◆ **WHAT NEEDS TO BE DONE**: Please transcribe the lines below exactly, and leave every image behind.

INFORMATION SUPPLIED section start

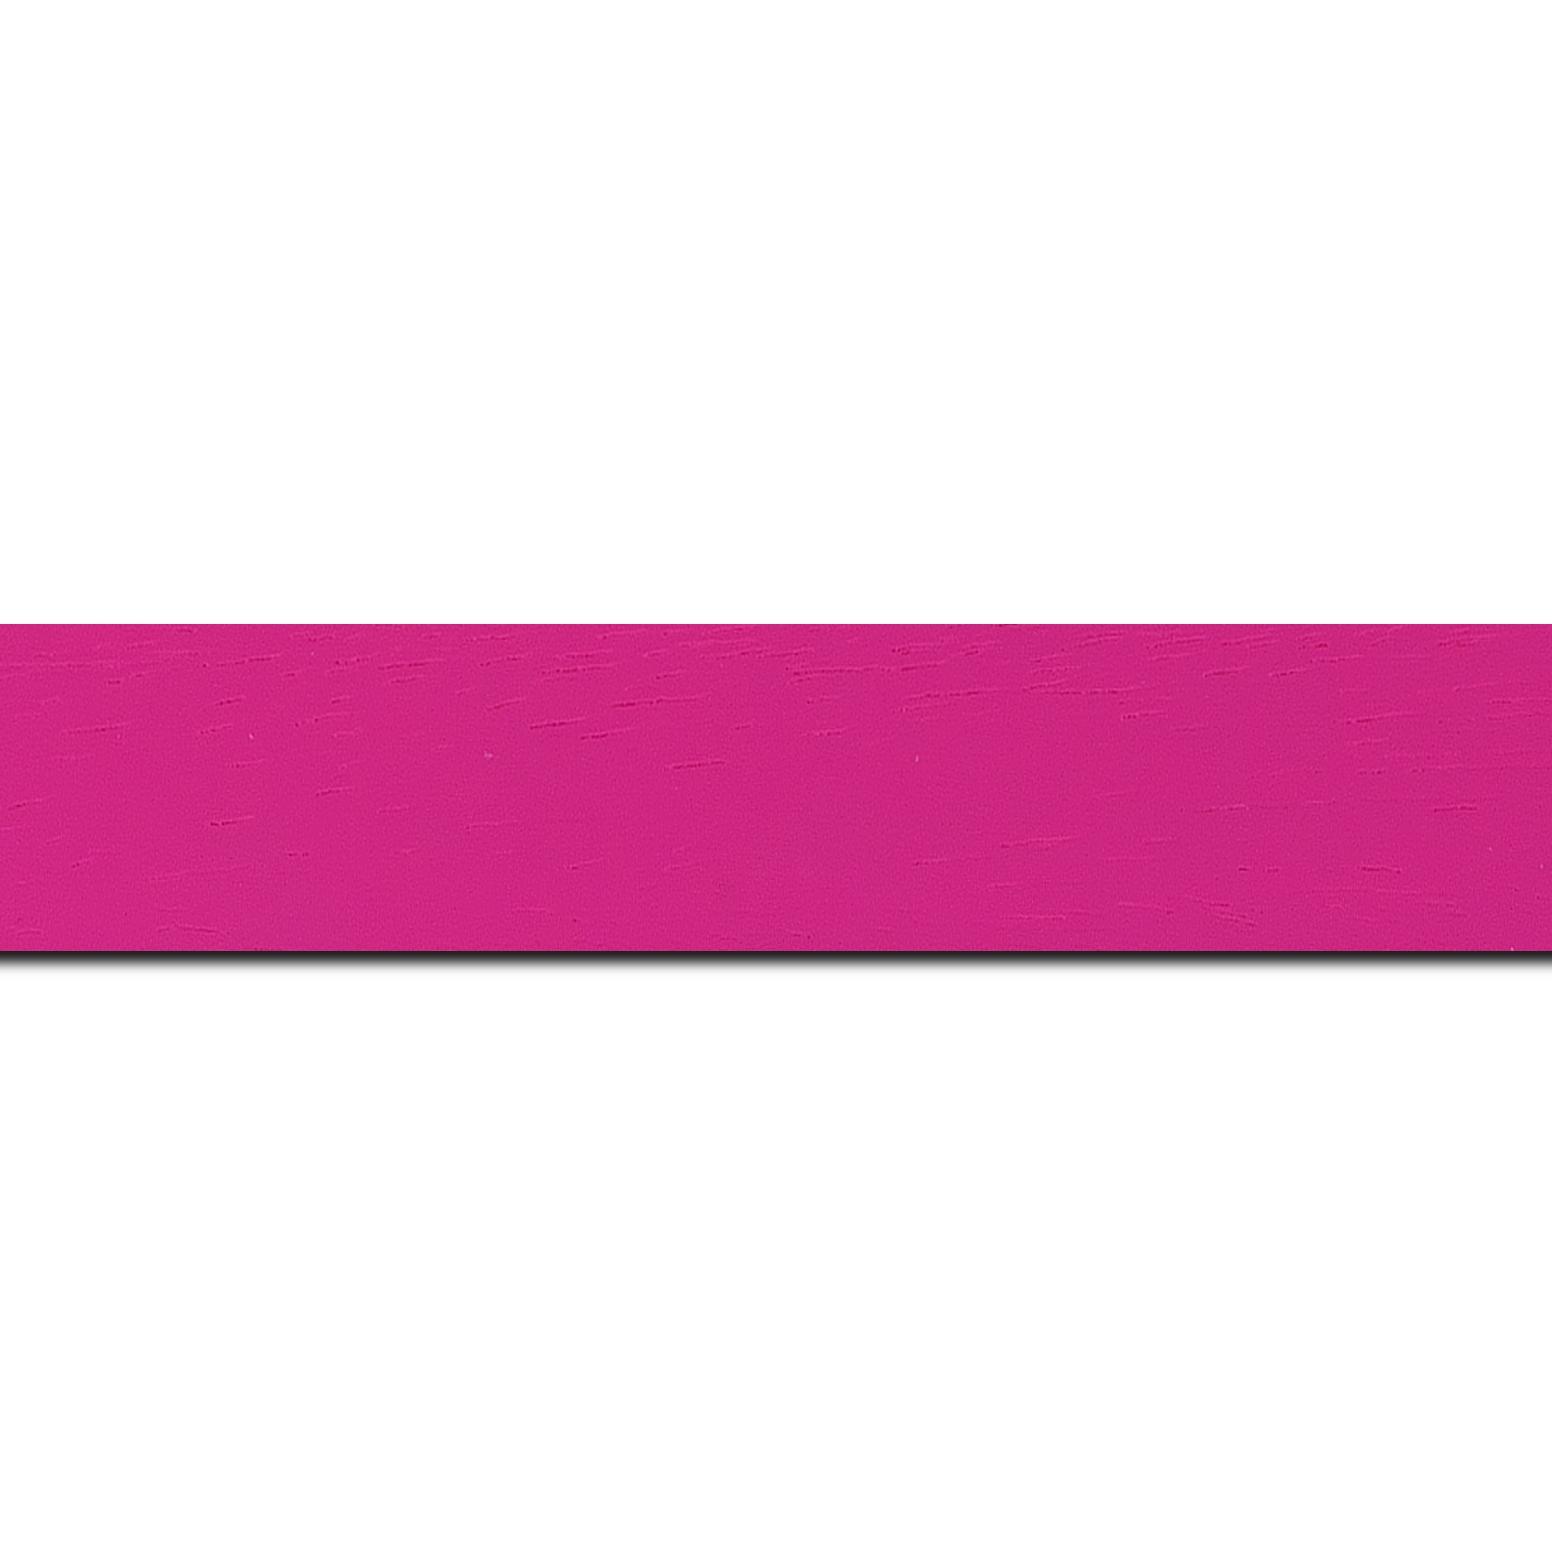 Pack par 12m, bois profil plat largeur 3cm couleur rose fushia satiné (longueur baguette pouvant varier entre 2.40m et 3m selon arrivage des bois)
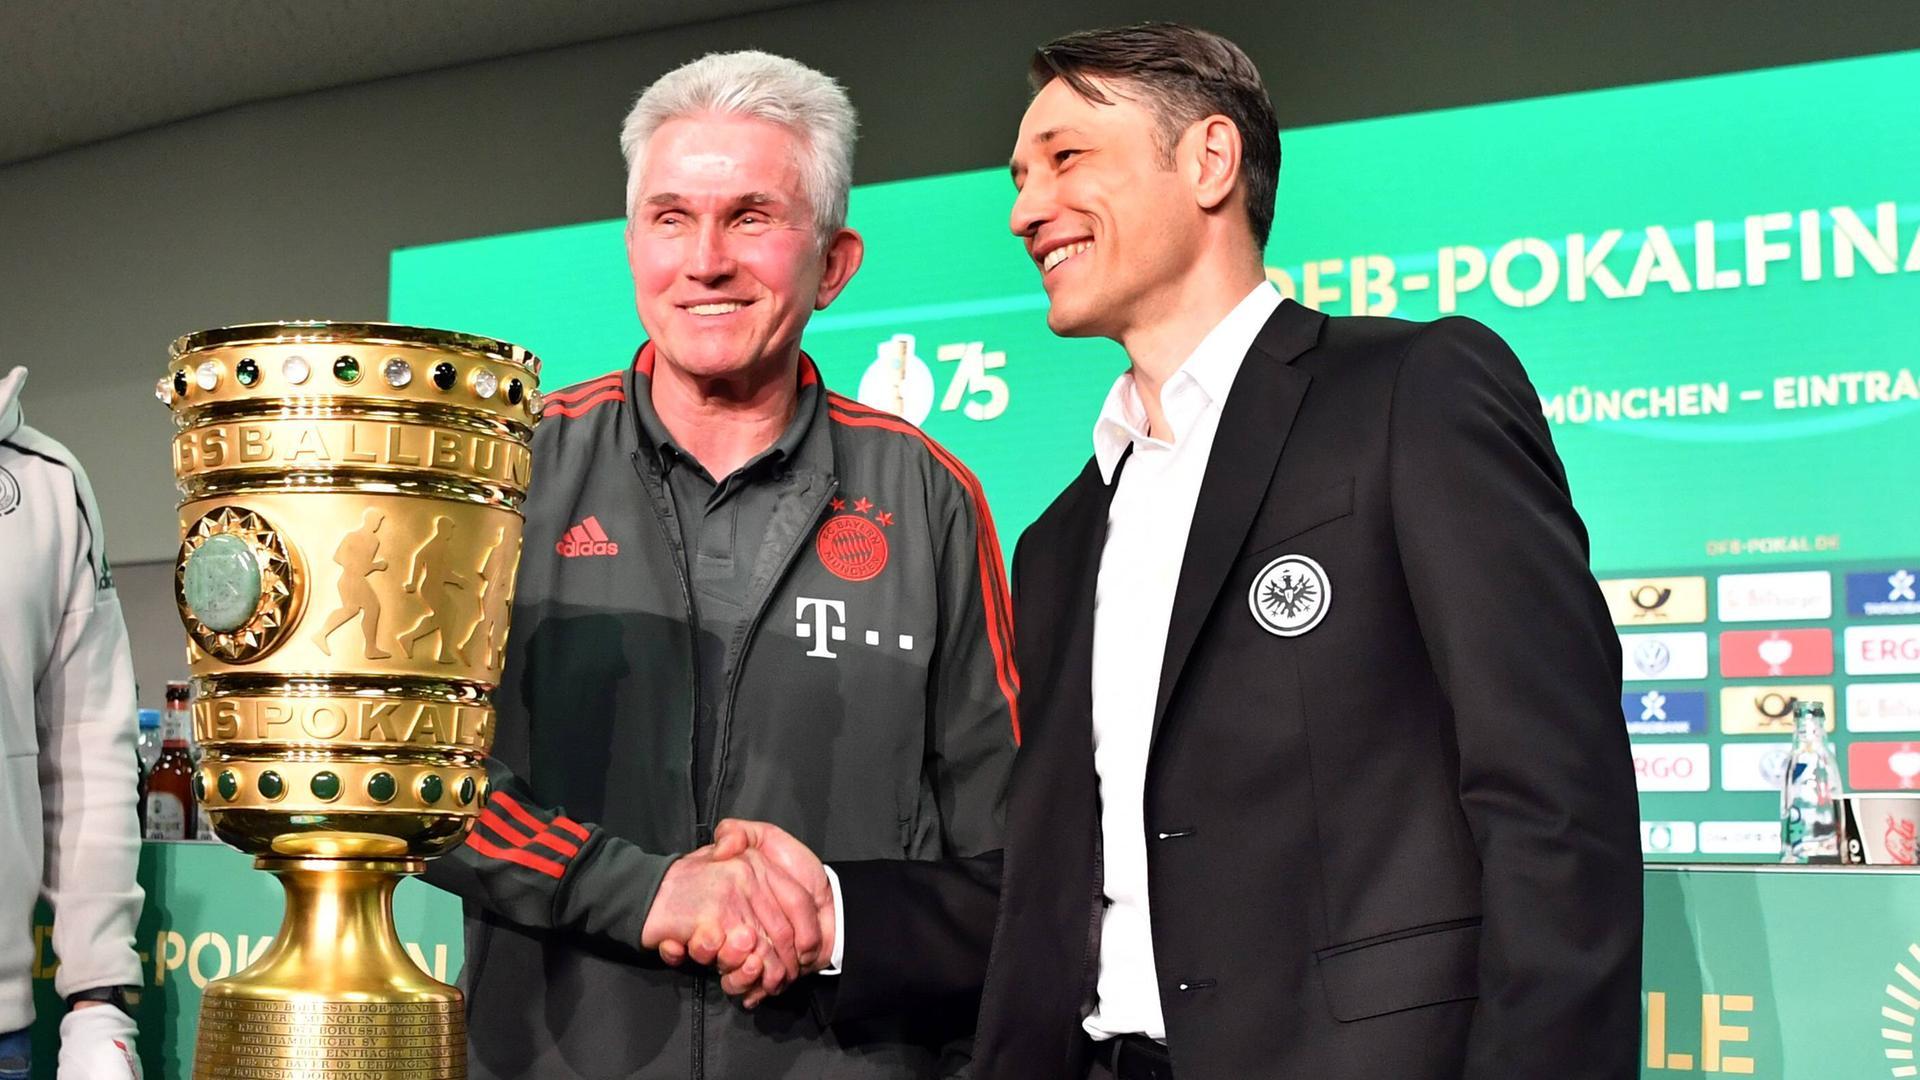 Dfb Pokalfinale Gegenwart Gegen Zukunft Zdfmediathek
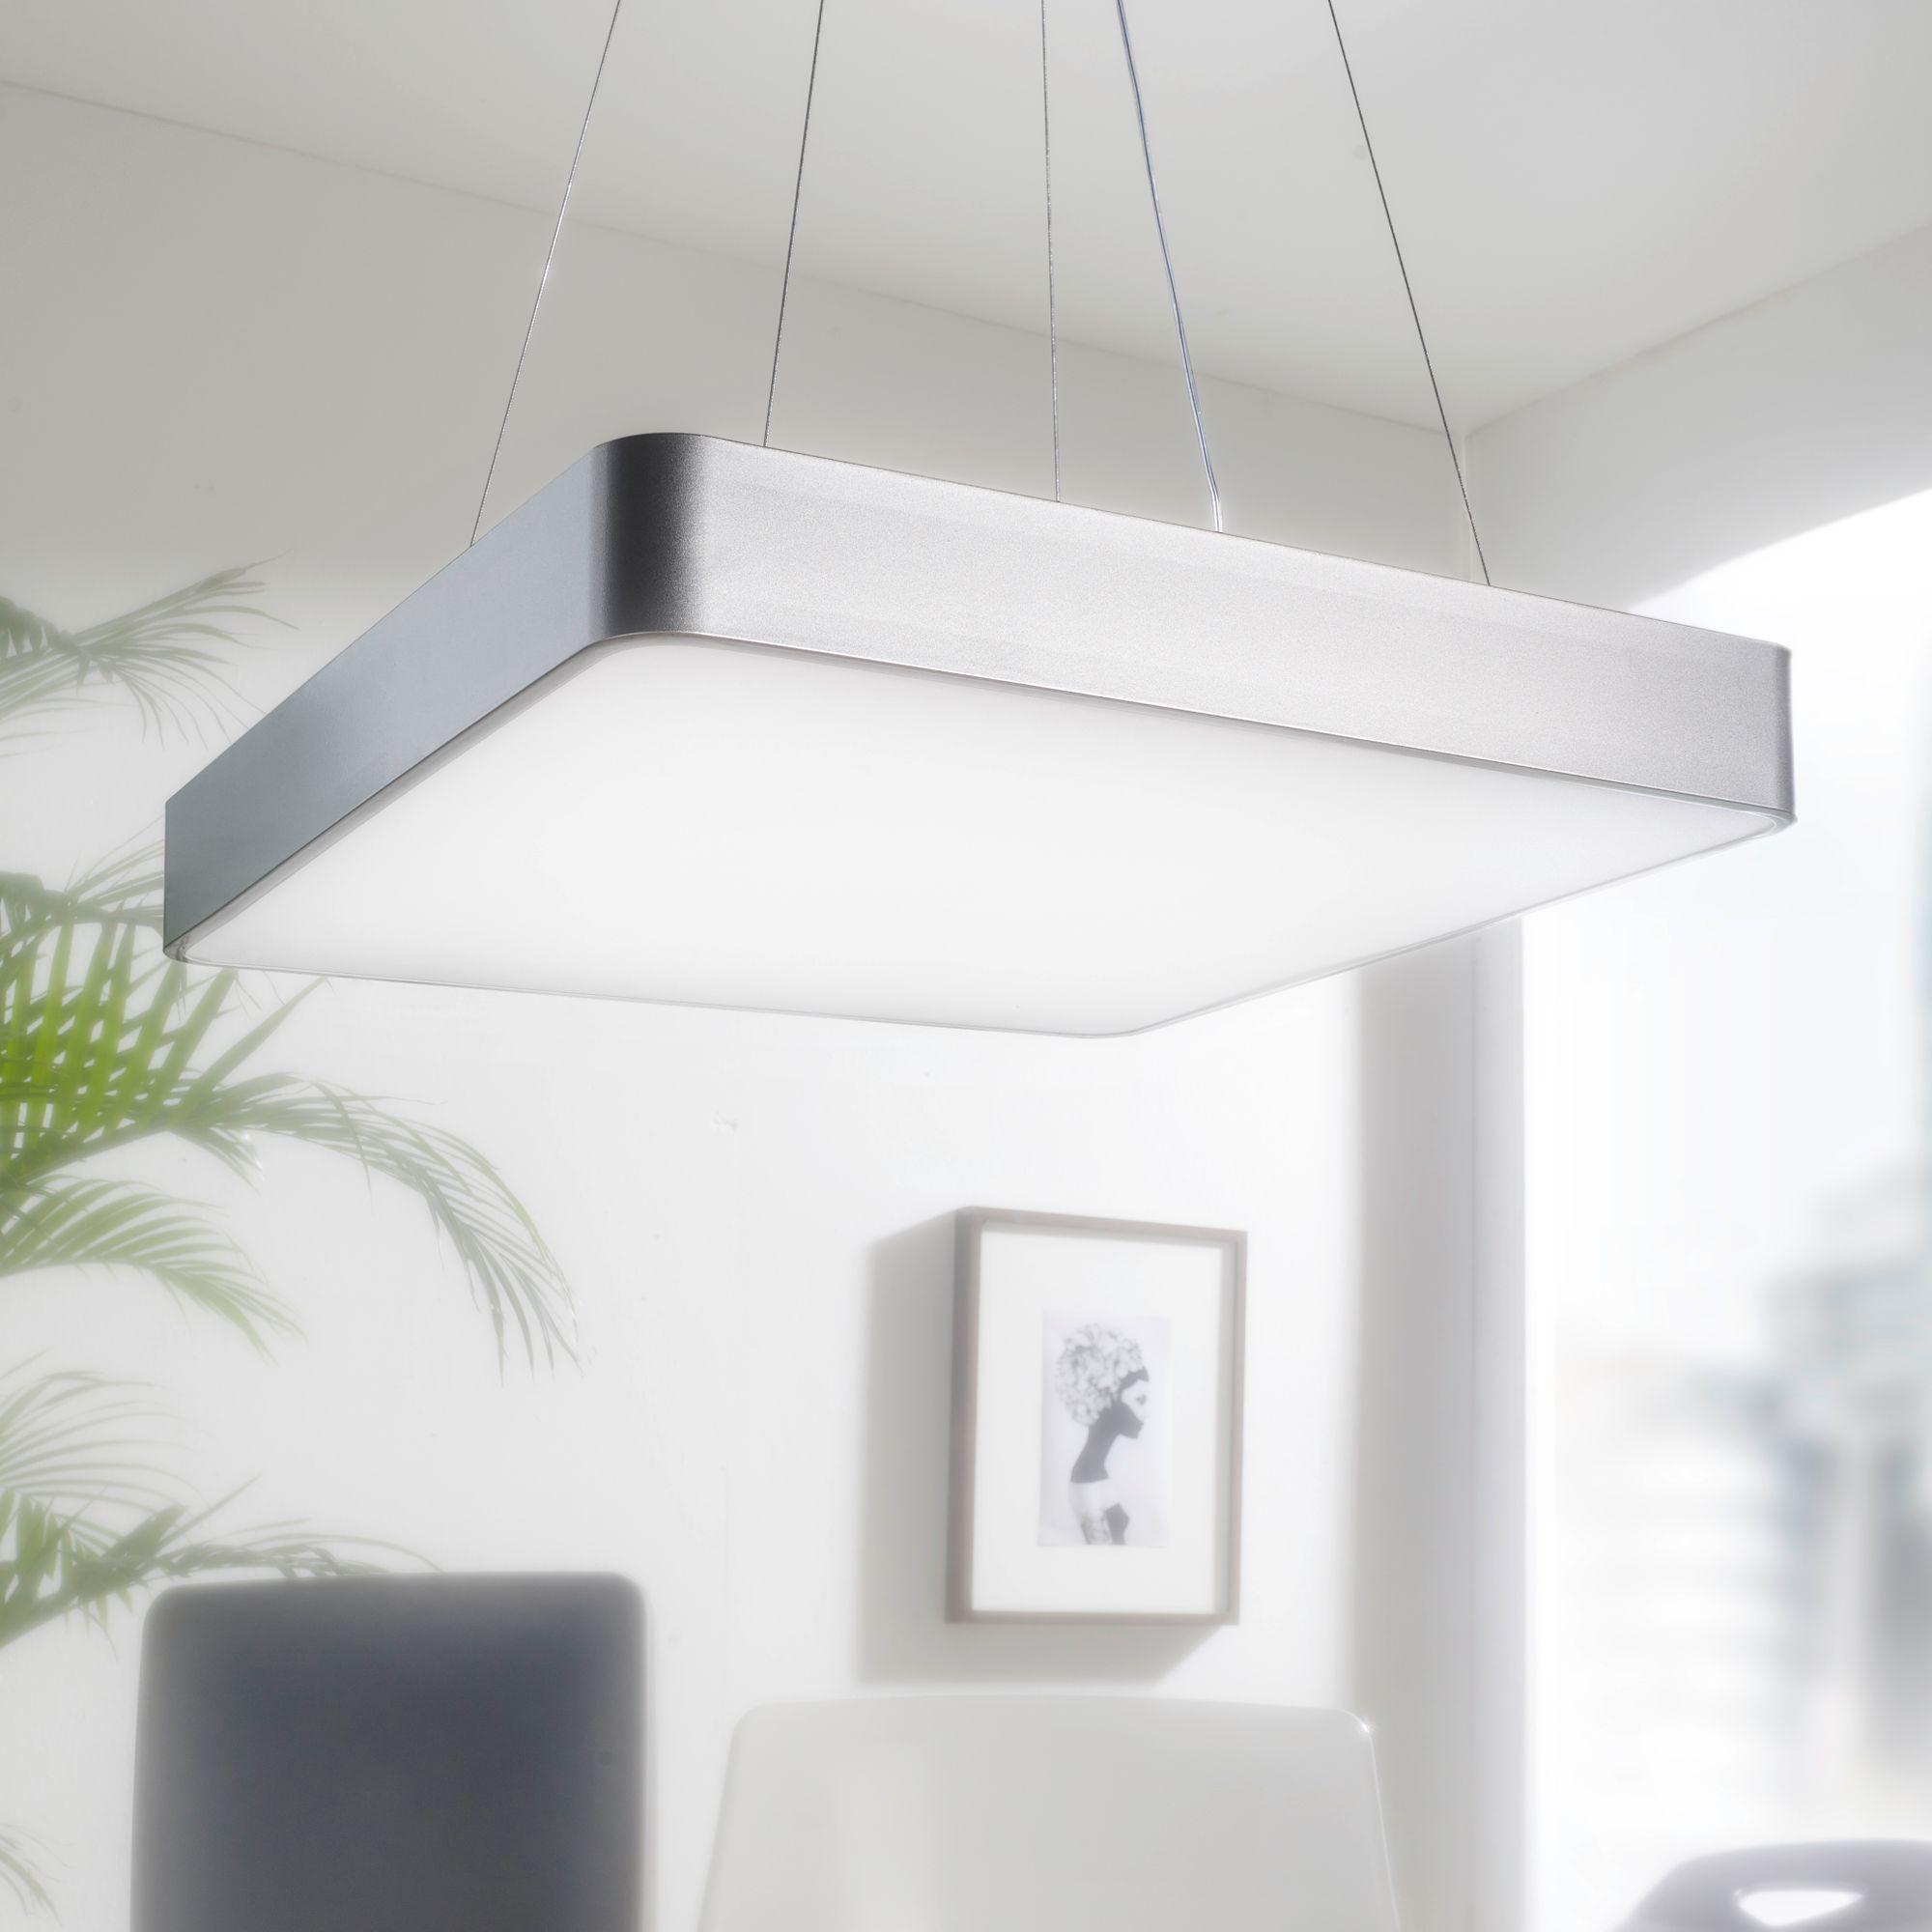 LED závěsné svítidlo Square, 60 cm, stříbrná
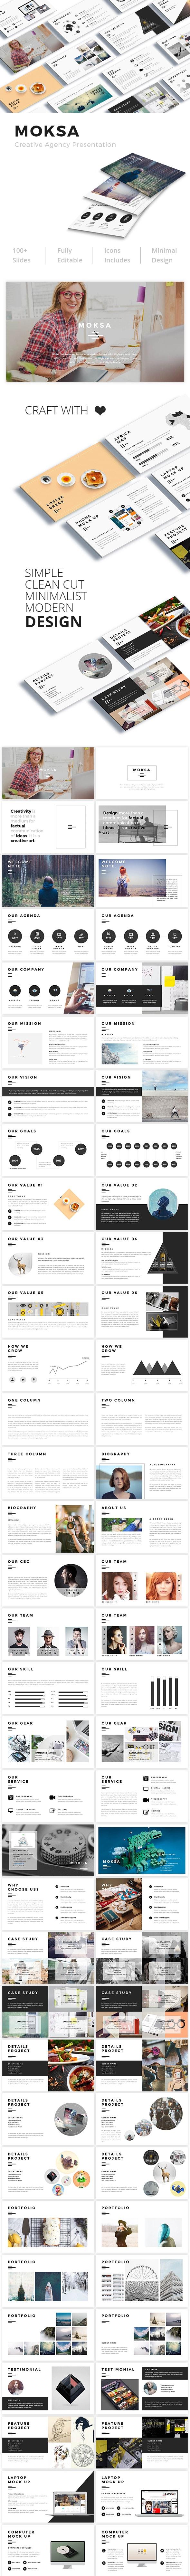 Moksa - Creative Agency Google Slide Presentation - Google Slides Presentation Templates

INFORMATION SUPPLIED section end

◆ **ANSWER TO THE EXERCISE**:
 Pack par 12m, bois profil plat largeur 3cm couleur rose fushia satiné (longueur baguette pouvant varier entre 2.40m et 3m selon arrivage des bois)
 Dfb Pokalfinale Gegenwart Gegen Zukunft Zdfmediathek
 LED závěsné svítidlo Square, 60 cm, stříbrná
 Moksa - Creative Agency Google Slide Presentation - Google Slides Presentation Templates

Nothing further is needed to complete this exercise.